“I am not afraid about the climate.”
– Judith Curry, quoted in Alexandre Mansur, “American Researcher Says That There Is Still a lot of Uncertainty About Global Warming, Época, May 1, 2010.
“Real Climate, I think they’ve damaged their brand. They started out doing something that people liked, but they’ve been too partisan in a scientific way.”
– Judith Curry, quoted in Eric Berger, “Judith Curry: On Antarctic sea ice, Climategate and skeptics.” August 18, 2010.
There is solid middle ground in the ever-contentious climate-change debate. And now is the time to welcome it, given that politics is not going to reverse in any detectable amount the human influence on climate.
And the shame of the post-Climategate era is that other scientists like Curry did not join her to right the wrongs of a profession that has become politicized, agendacized, and Malthusiancized.…
Ken Green at MasterResource published an influential post, The Death Spiral for Climate Alarmism Continues (June 2, 2010), that began with two quotations:
“We have at most ten years—not ten years to decide upon action, but ten years to alter fundamentally the trajectory of global greenhouse emissions.”
– James Hansen, “The Threat to the Planet,” New York Review of Books, July 13, 2006.
“Desperation is setting in among climate alarmists who by their own math can see that the window is rapidly closing on ’saving the planet’.”
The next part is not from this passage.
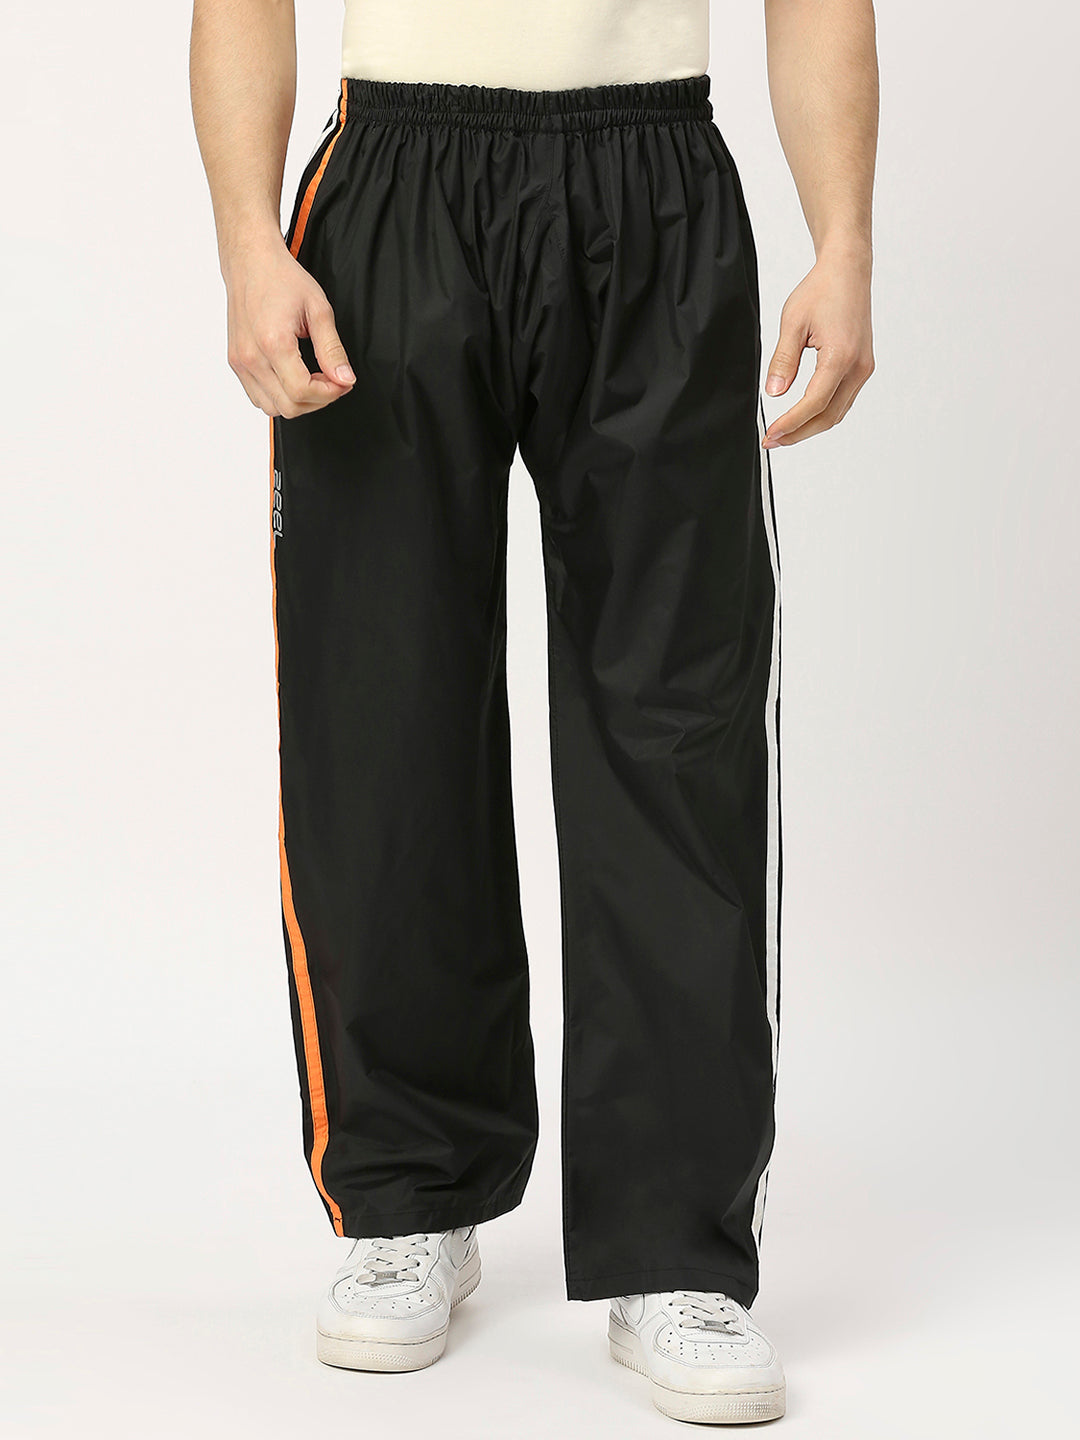 Buy Black  Orange Track Pants for Men by INDIWEAVES Online  Ajiocom

– Kenneth Green, ”A Death Spiral for Climate Alarmism, Redux?” MasterResource, September 30, 2009.
And what was true in June is even more true today as the failure to price carbon dioxide (CO2) is leaving Europe as the sacrificial lambs on an altar of climate-change inconsequentiality.…
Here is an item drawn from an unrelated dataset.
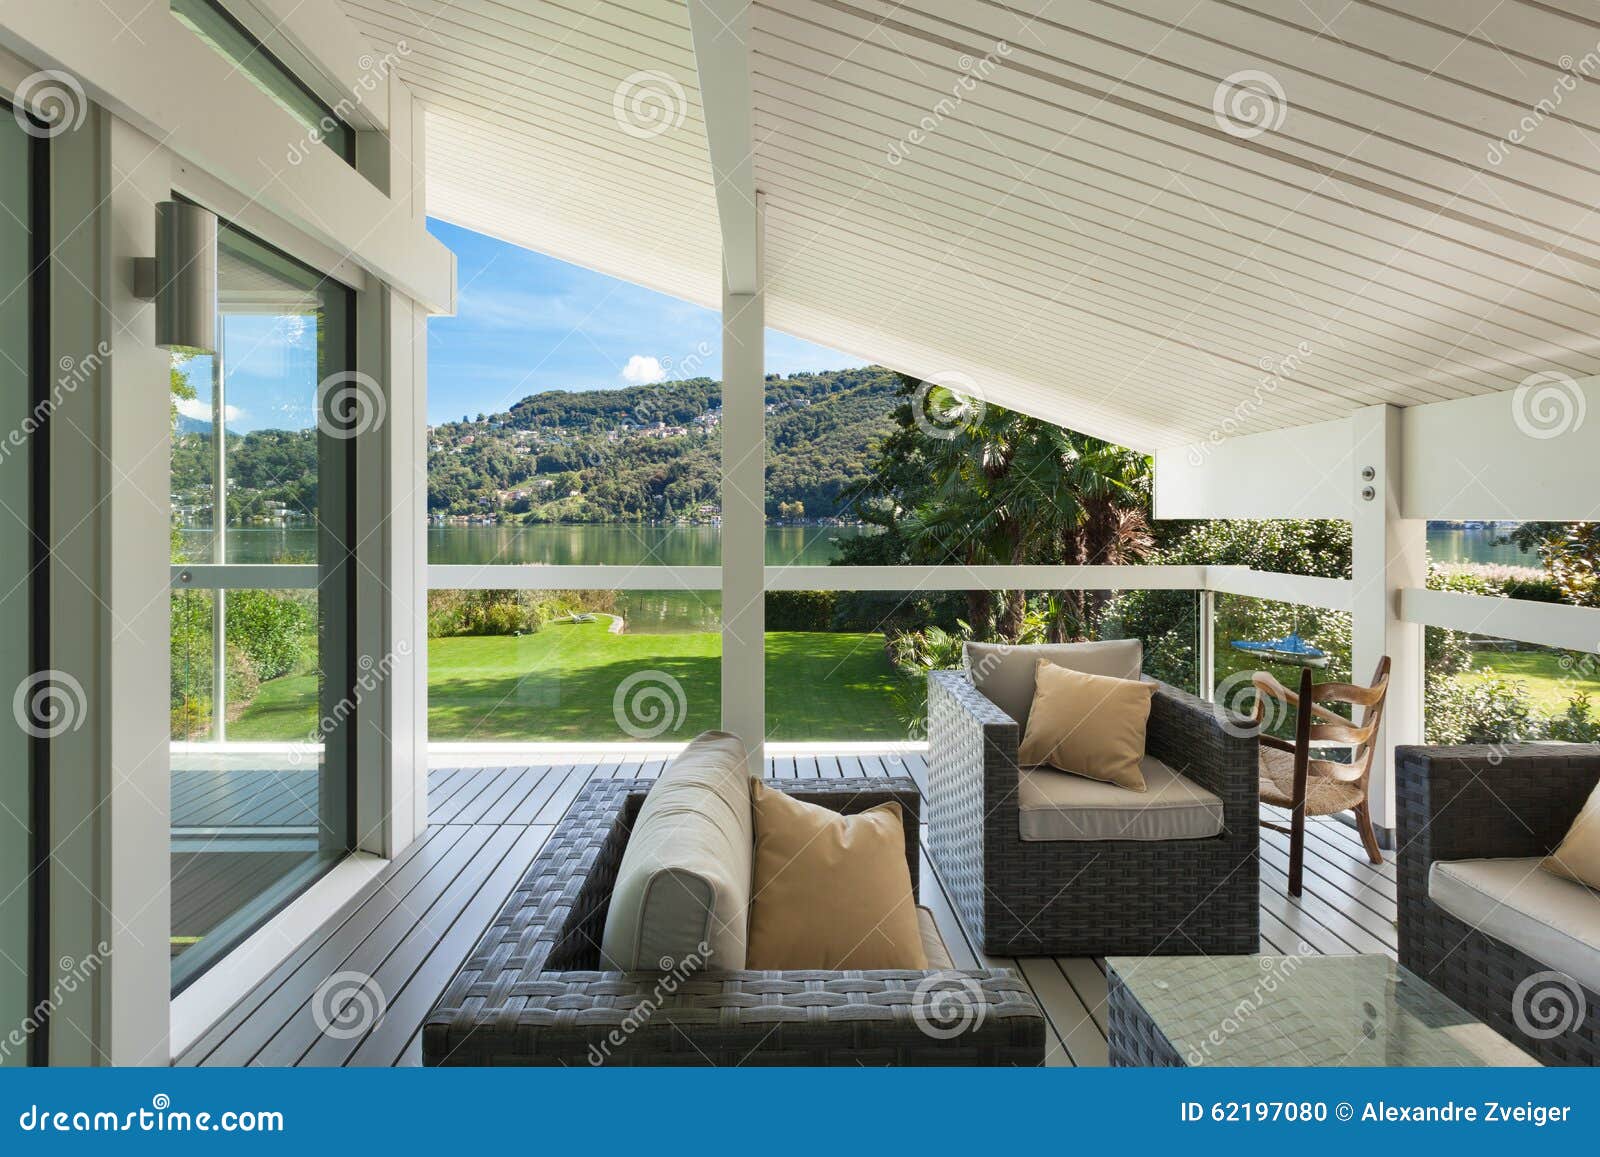 beautiful veranda with furniture

“As I have argued for years, we simply do not know the answer [to the sensitivity of climate to greenhouse gas forcing]. There is a wide margin of error in many of the ingredients that go into the [climate] models. For example, we do not know some of the radiative properties of the aerosols to a factor of 5. No matter how good your climate model is, you cannot compensate for that uncertainty. The range of uncertainty is broad enough to accommodate [Patrick] Michaels (well, maybe North) and [Jerry] Mahlman.”
– Gerald North (Texas A&M) to Rob Bradley (Enron), September 17, 1999
…“One has to fill in what goes on between 5 km and the surface. The standard way is through atmospheric models. I cannot make a better excuse.”
– Gerald North (Texas A&M) to Rob Bradley (Enron), October 2, 1998
“We do not know much about modeling climate.